Sowohl Bundestag als auch Bundesrat haben das Gesetz nun verabschiedet

  • Deutschland strebt an, bis 2045 klimaneutral zu sein.
  • Der Stromsektor soll bis 2035 weitgehend ohne Treibhausgas-Emissionen sein.
  • Die Bundesregierung setzt sich dafür ein, den Ausbau erneuerbarer Energien massiv zu beschleunigen.
  • Bis 2030 sollen mindestens 80 Prozent des Bruttostromverbrauchs aus erneuerbaren Energien stammen.
  • Solarenergie als wichtiger Bestandteil, um die deutschen Klimaziele zu erreichen.
  • Gesetzliche Ausbauziele für Solarenergie im EEG 2023 wurden erhöht.
  • Solarpaket zur Erreichung der höheren Ausbauziele für PV.
  • Ziel: Bis 2030 sollen 215 GW Solarleistung hinzukommen.
  • 2023: Ziel von 9 GW übertroffen, mit 14,6 GW neuen Solaranlagen.

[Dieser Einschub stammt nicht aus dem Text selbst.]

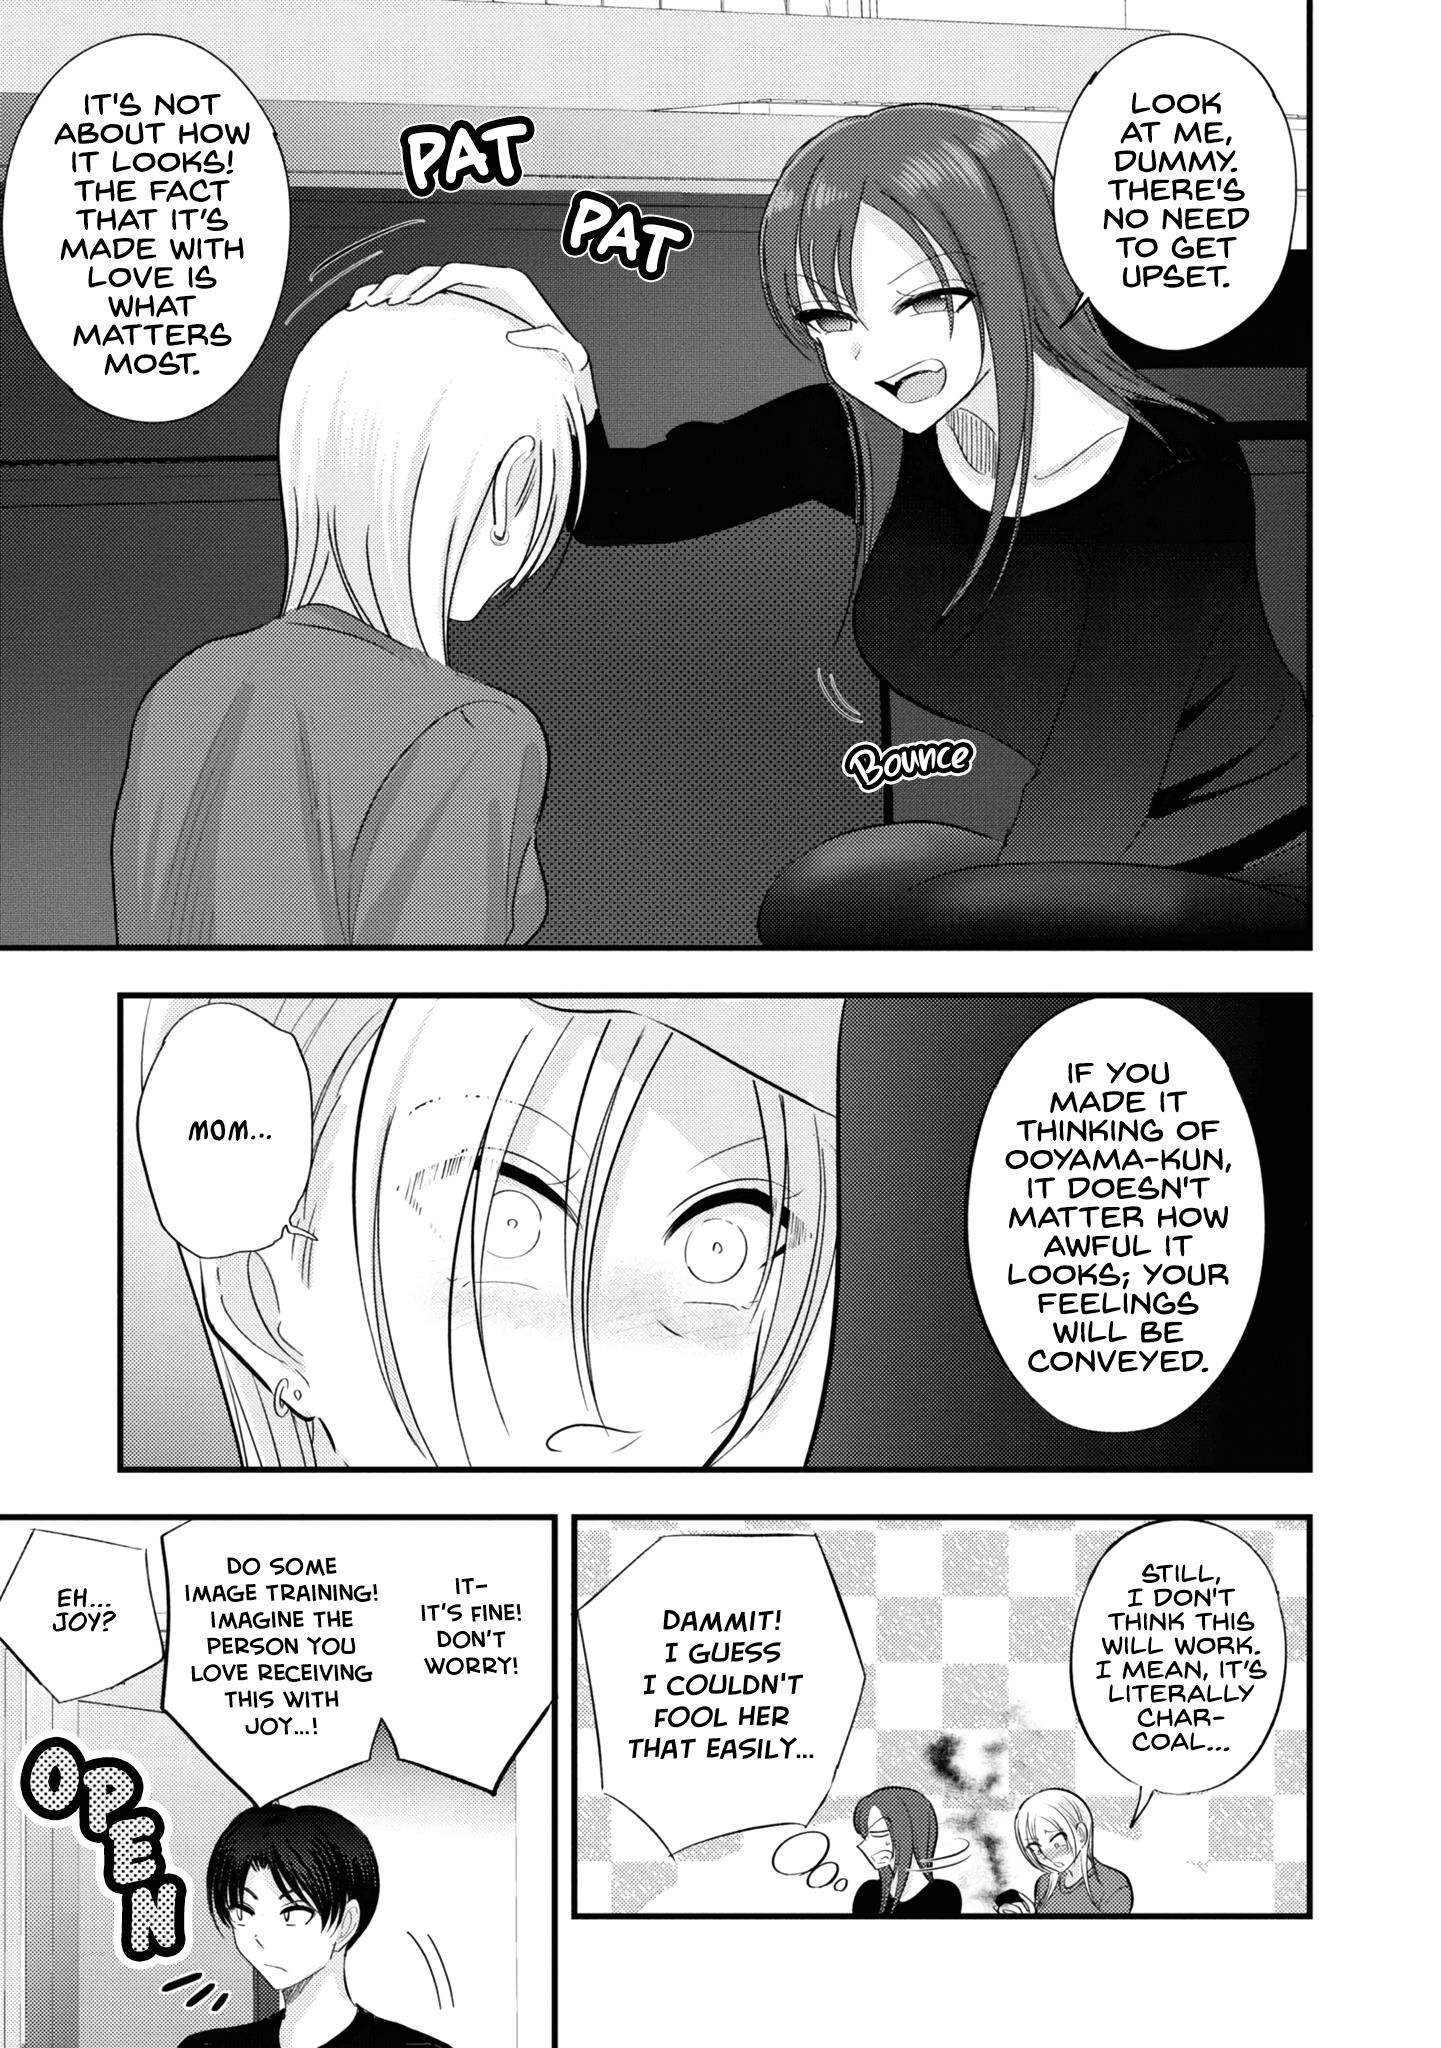 Please Go Home, Akutsu-San! Vol.7 Chapter 141.1: Extra 1 - Picture 3

  • 2024: Ziel von 13 GW Zubau.
  • 2025: Ziel von 18 GW Zubau.
  • Ab 2026: Ziel von mehr als 22 GW Zubau.
  • Zubau aus Freiflächen und Dachanlagen jeweils zur Hälfte geplant.
  • Inbetriebnahme von Balkonkraftwerken wird für Bürger einfacher und schneller.
  • Bundesnetzagentur vereinfacht Registrierungsprozess ab 1. April.
  • Wenige, einfach einzugebende Daten erforderlich.
  • Vorherige Anmeldung beim Netzbetreiber entfällt.
  • Bundesnetzagentur informiert automatisch den Netzbetreiber über das neue Balkonkraftwerk.
  • Neue Balkon-PV-Anlagen müssen nicht durch den Einbau eines digitalen Zweirichtungszählers behindert werden.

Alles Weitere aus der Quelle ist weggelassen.